1. Introduction: document grammars
2. DTDs as document grammars
3. XML Schema 1.0
4. Schemas and namespaces
5. Simple types
6. Complex types
7. The Post-schema-validation Infoset
Biography
One of the characteristic features of SGML and XML which marks them as an advance over earlier systems of textual representation is their notion of document grammars: formal specifications of rules for distinguishing valid documents from other data streams. This paper introduces the idea of using formal grammars to describe data streams, and notes some of the fundamental characteristics of XML 1.0 document type definitions as formal grammars, before taking up the major characteristics of XML Schema 1.0 as a language for document grammars.

1. Introduction: document grammars

One fundamental rule of computing is: Garbage in, garbage out. In a sense, everything disucssed in this paper is an attempt to come to grips with this iron law.

Garbage can take the form of bad or erroneous information, but even good information can be garbage if the program we feed it to doesn't know what to do with it.
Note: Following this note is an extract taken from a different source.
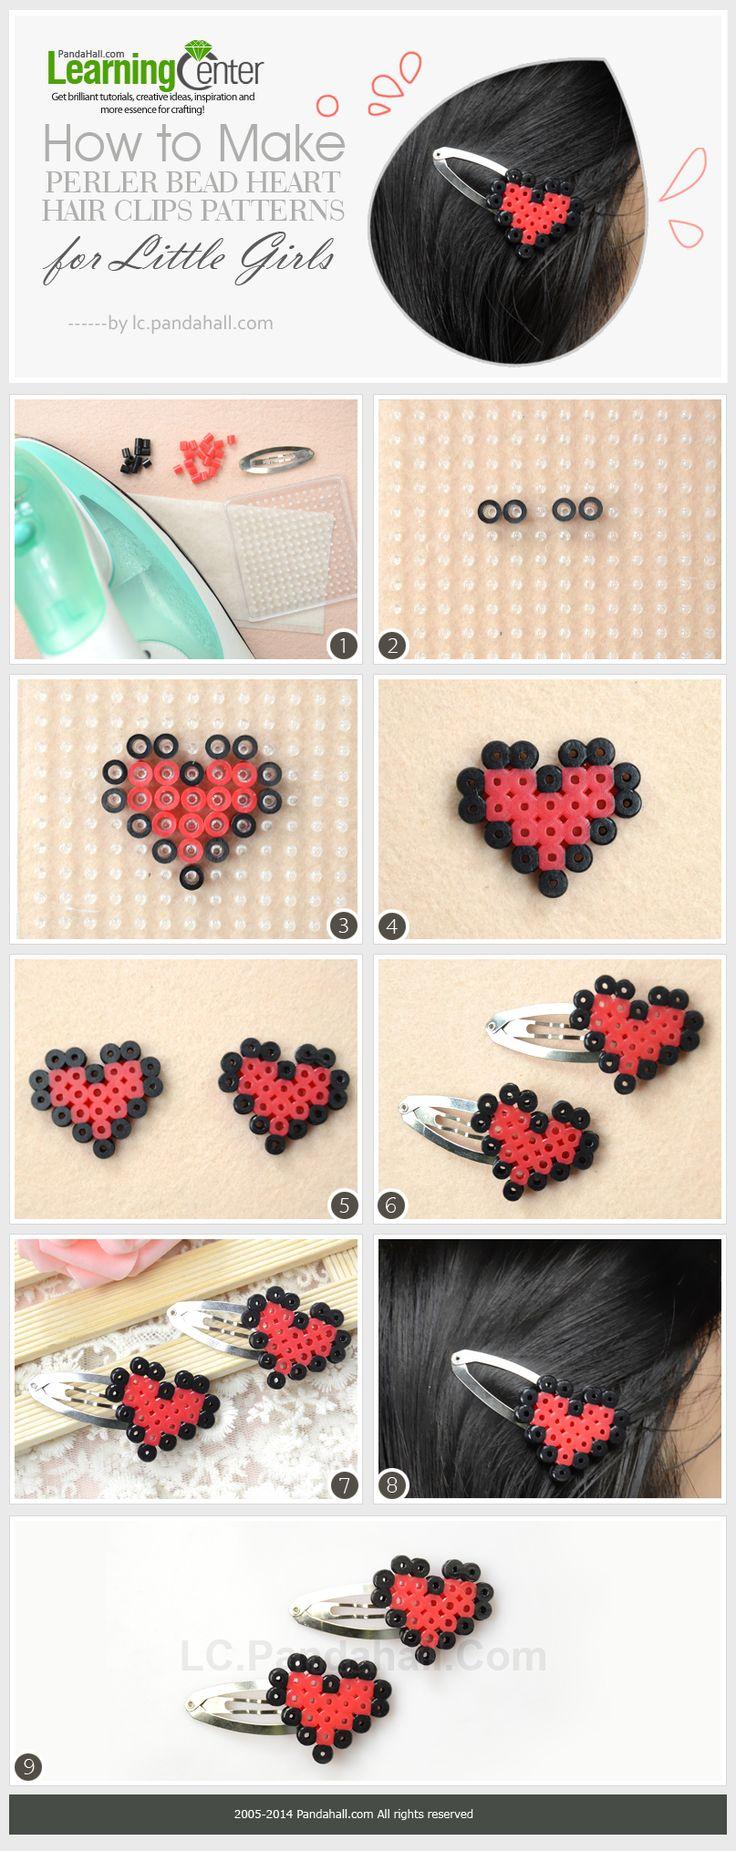 How to Make Perler Bead Heart Hair Clips Patterns for Little Girls

By ‘garbage’ we typically mean nothing other than input for which a given program is not prepared.

When a program is expensive or takes a long time to run, it can be rather trying to discover only after the fact that the input to the program was not what the program was expecting — was garbage, in fact. It would be useful to have some reliable method of distinguishing good input — input for which a program is going to produce useful output — from bad input.

That is the reason that grammars are, or ought to be, of interest to builders of software systems.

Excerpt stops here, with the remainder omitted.